Once the intent, domain and slots are identified and tagged, one or more hypotheses are generated by the natural language understanding component 150 and sent to the hypothesis processor 160. In one implementation, at least one hypothesis must be created, but multiple hypotheses may be produced. Each hypothesis that is generated corresponds to possible interpretations of the input 120. That is, each hypothesis may correspond to a determined intent of the user.

Once the hypotheses are received by the hypothesis processor 160, it interacts with the dynamic knowledge graph 190 to determine which actions and/or entities in the dynamic knowledge graph 190 may be used to fulfil or otherwise execute the action request contained in the input 120. Continuing with the example above, if the input 120 is “Order me a pizza” the hypothesis processor queries the dynamic knowledge graph 190 to determine which actions and entities in the dynamic knowledge graph 190 can be used to execute the action request of ordering a pizza.

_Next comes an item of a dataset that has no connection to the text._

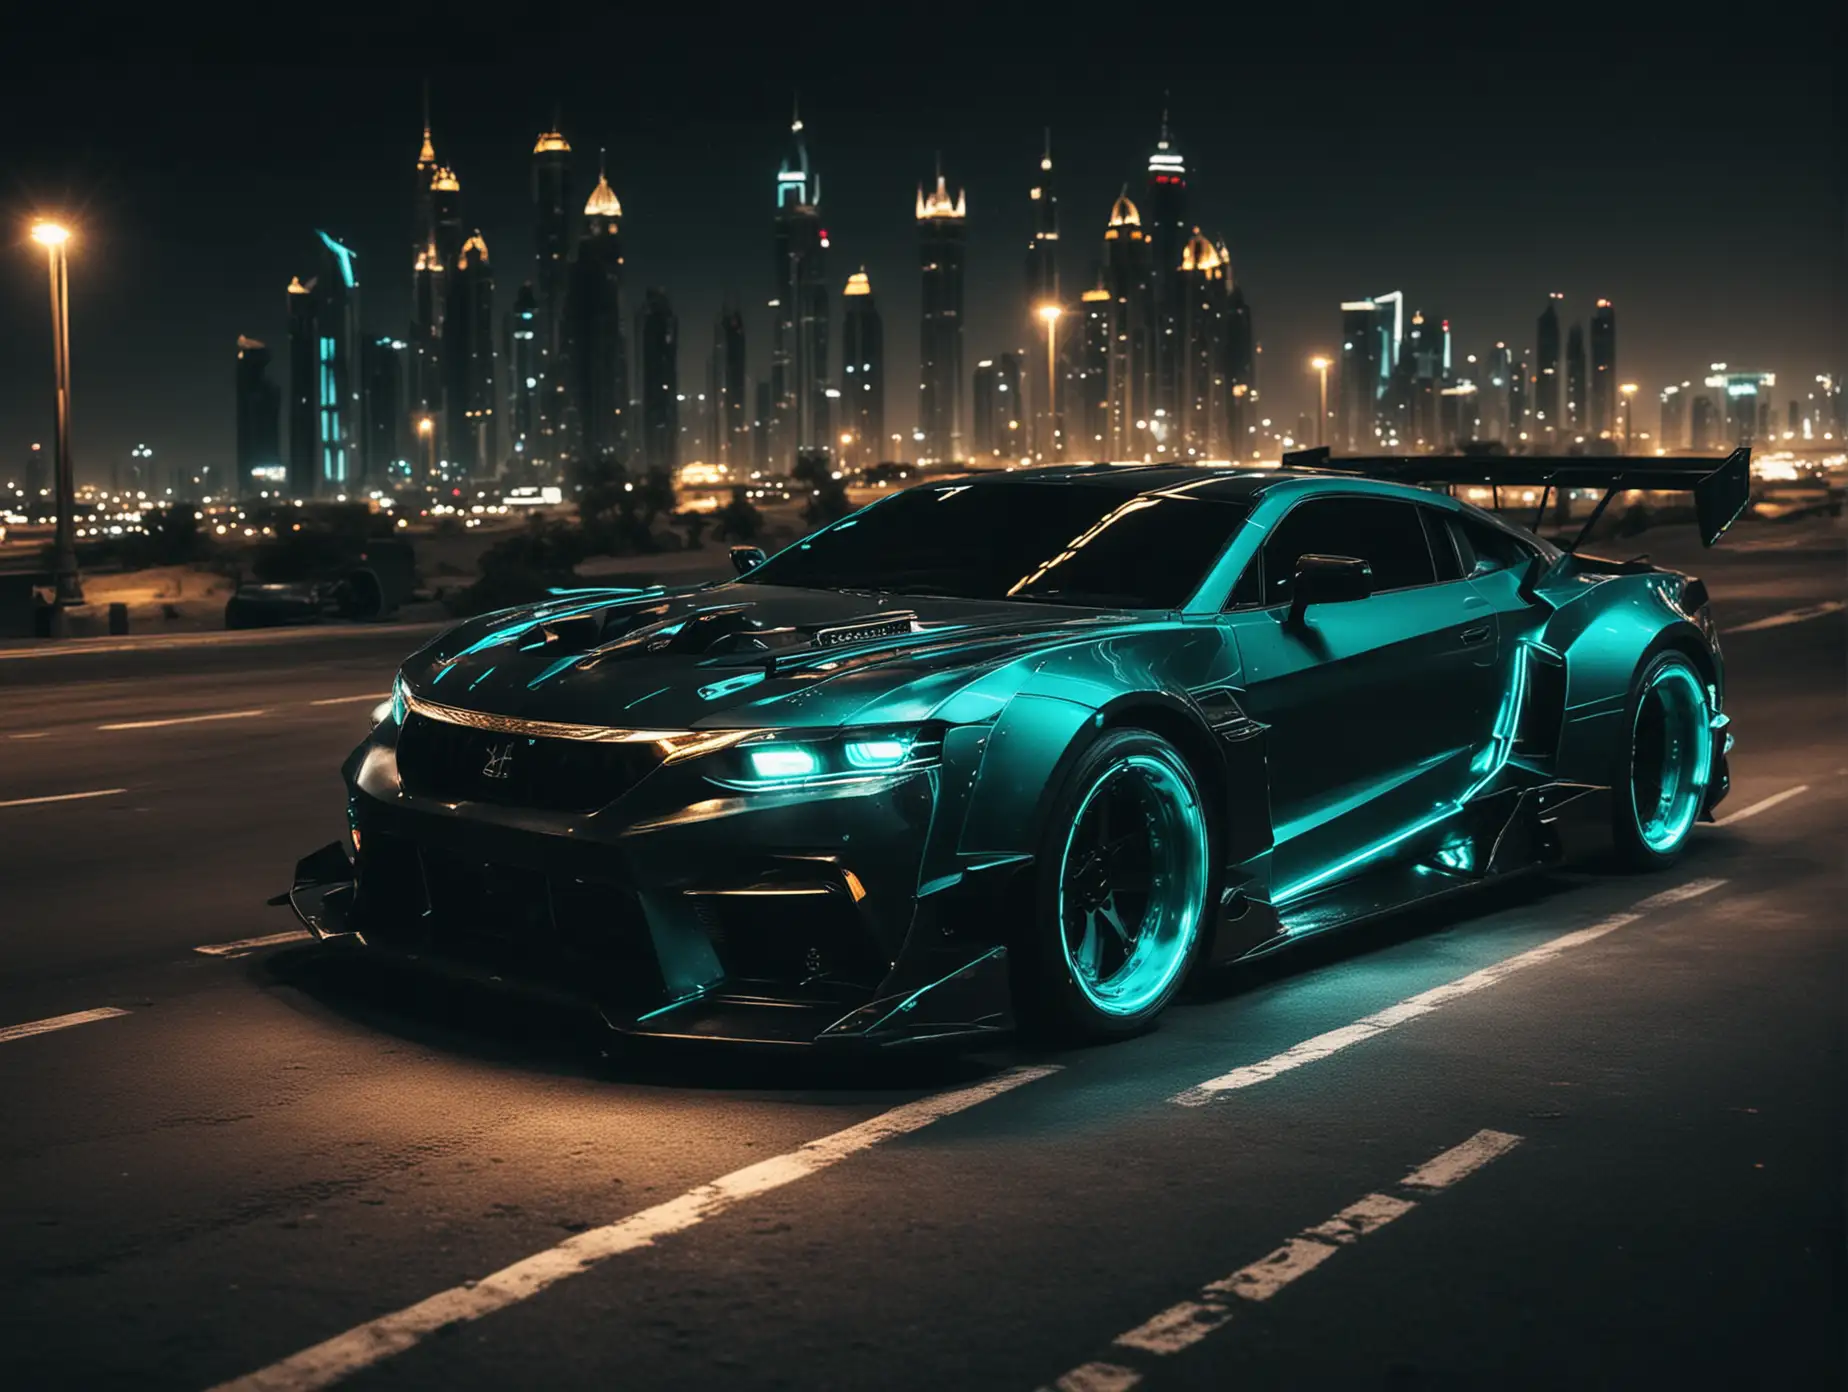 Create  futuristic  cars from dark angel, evil tuning type, Downhill in the city of dubai drifting at night rear view from high far away,  car color dark black, dark turquoise  and violent car lights.

In some embodiments, the hypothesis processor 160 may be configured to take into account the data entities and/or actions that are already present in the dynamic knowledge graph 190 with their associated metadata. For example, multiple action entities may be tagged with various levels of confidence.

The dynamic knowledge graph 190 is configured to track information from the user over time. This information may include long-term preferences of the user, information about the user, which actions can be performed on behalf of the user and so on. As information is added to the dynamic knowledge graph 190, the dynamic knowledge graph may discover or add additional actions that may be performed on behalf of the user. In some instances, the additional actions may be discovered using third party and/or first party application programming interfaces the dynamic knowledge graph 190 has access to.

In some instances the input 120 may include a single action request. In other implementations, the input 120 may include multiple action requests. In each case, each action request may be associated with multiple sub-actions and entities. Each sub-action may need to be executed in order for the action request to be executed.

Continuing with the pizza example above in which the determined action is an order pizza action, the dynamic knowledge graph 190 would need to know, and be able to execute various other sub-actions on entities that would assist in ordering the pizza. These sub-actions that may be executed on data entities may include data such as, whether the user wants to dine-in, order carryout or have the pizza delivered. Other information may include which toppings the user wants, the size of the pizza, which pizza parlor the user wants to order from and so on.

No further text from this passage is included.